REQUIRED WORK:
Every line below is to be set down again exactly; any image stays out.

SUPPLIED MATERIAL:
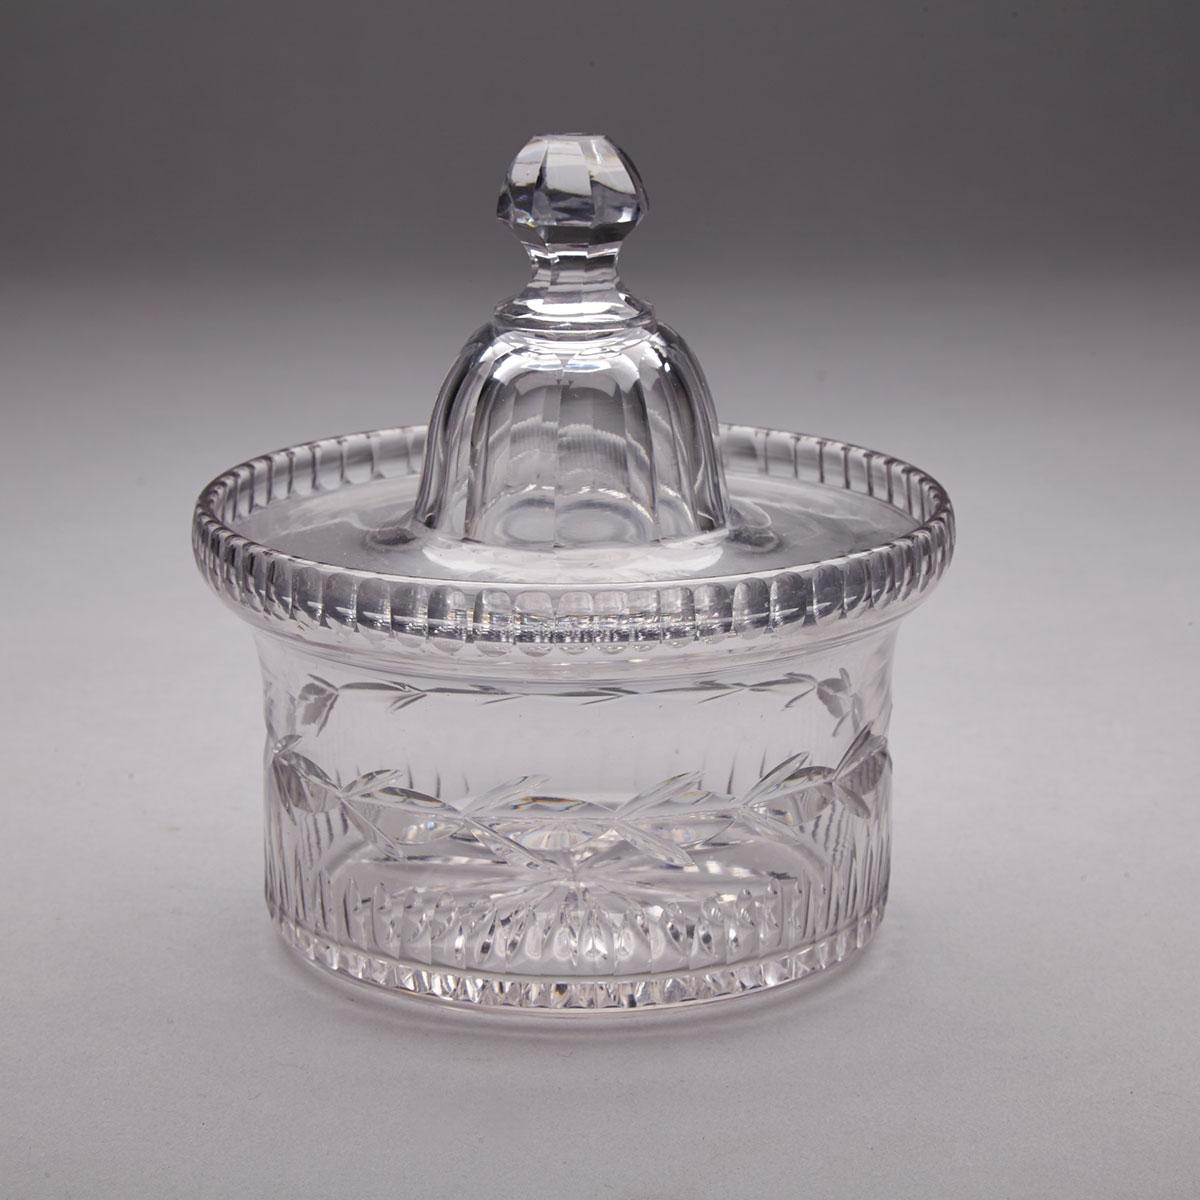 Anglo-Irish Cut Glass Covered Butter Dish, early 19th century
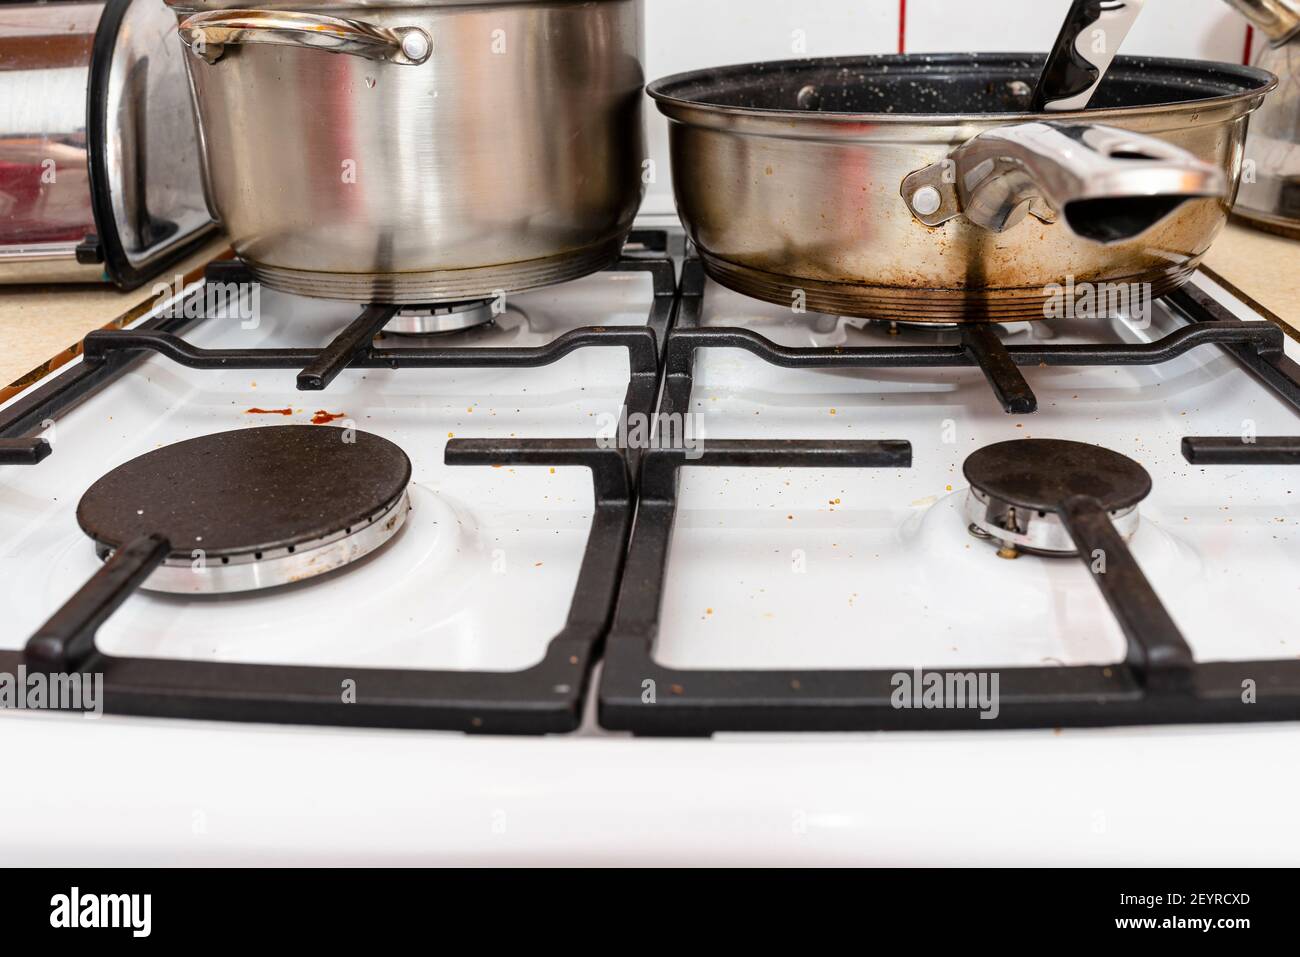 A stainless steel pot and frying pan standing on a switched off gas stove in the kitchen. Stock Photo
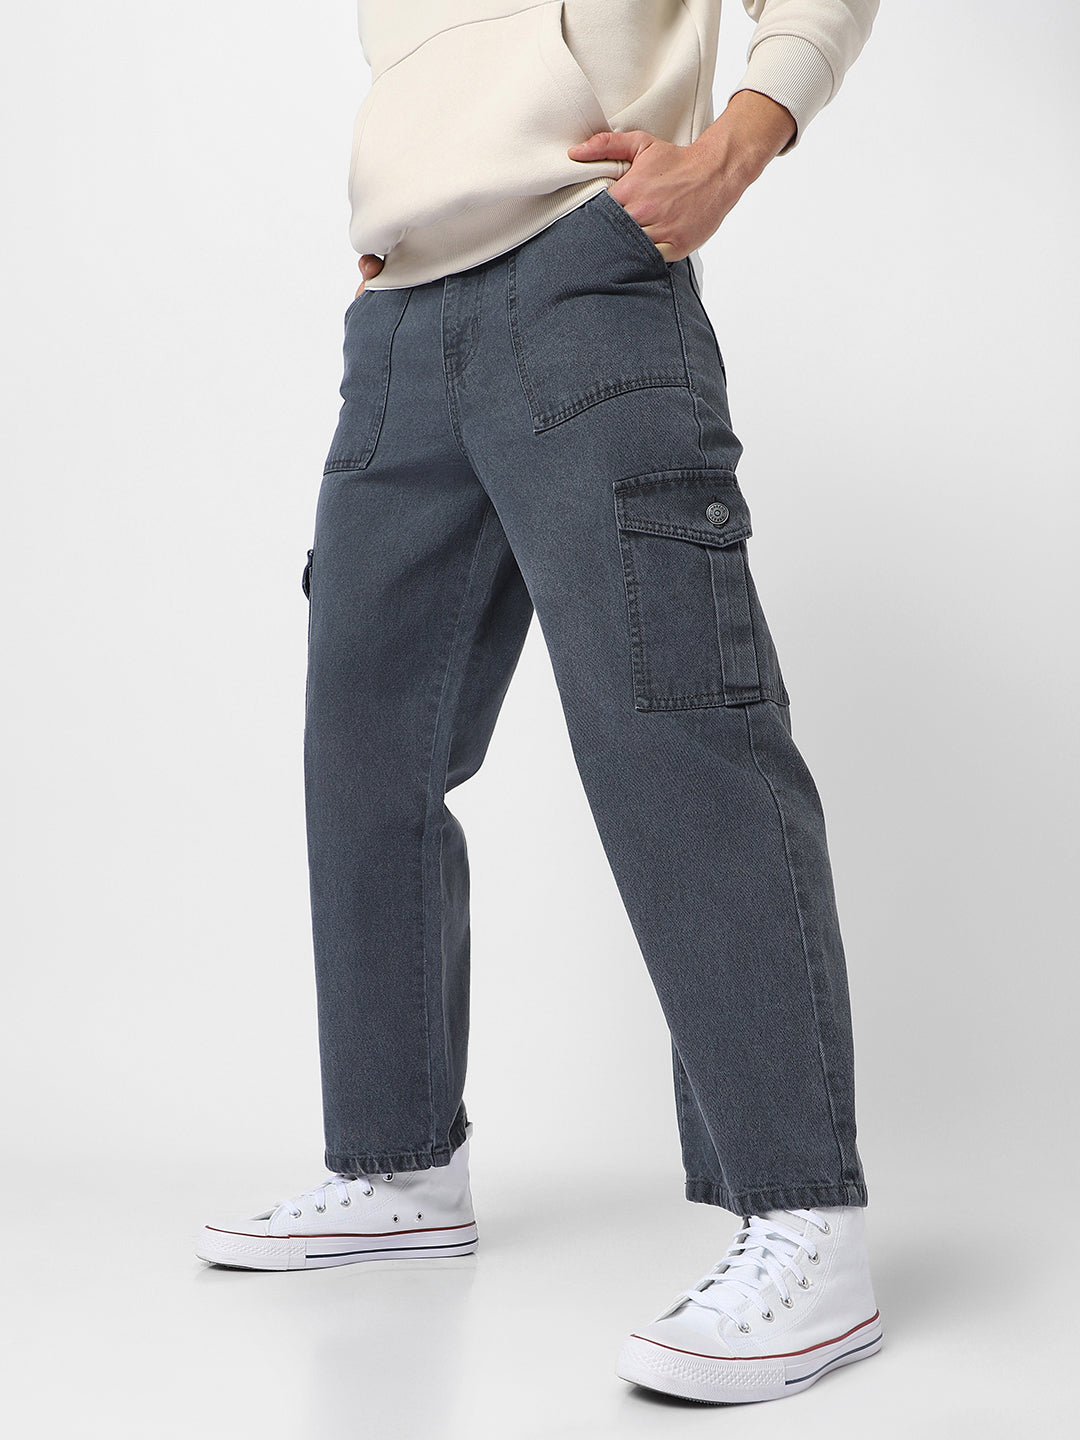 Men's Grey Loose Fit Cargo Jeans with 6 Pockets Non-Stretchable

SOLUTION TO THIS TASK:
 Anglo-Irish Cut Glass Covered Butter Dish, early 19th century
 A stainless steel pot and frying pan standing on a switched off gas stove in the kitchen. Stock Photo
 Men's Grey Loose Fit Cargo Jeans with 6 Pockets Non-Stretchable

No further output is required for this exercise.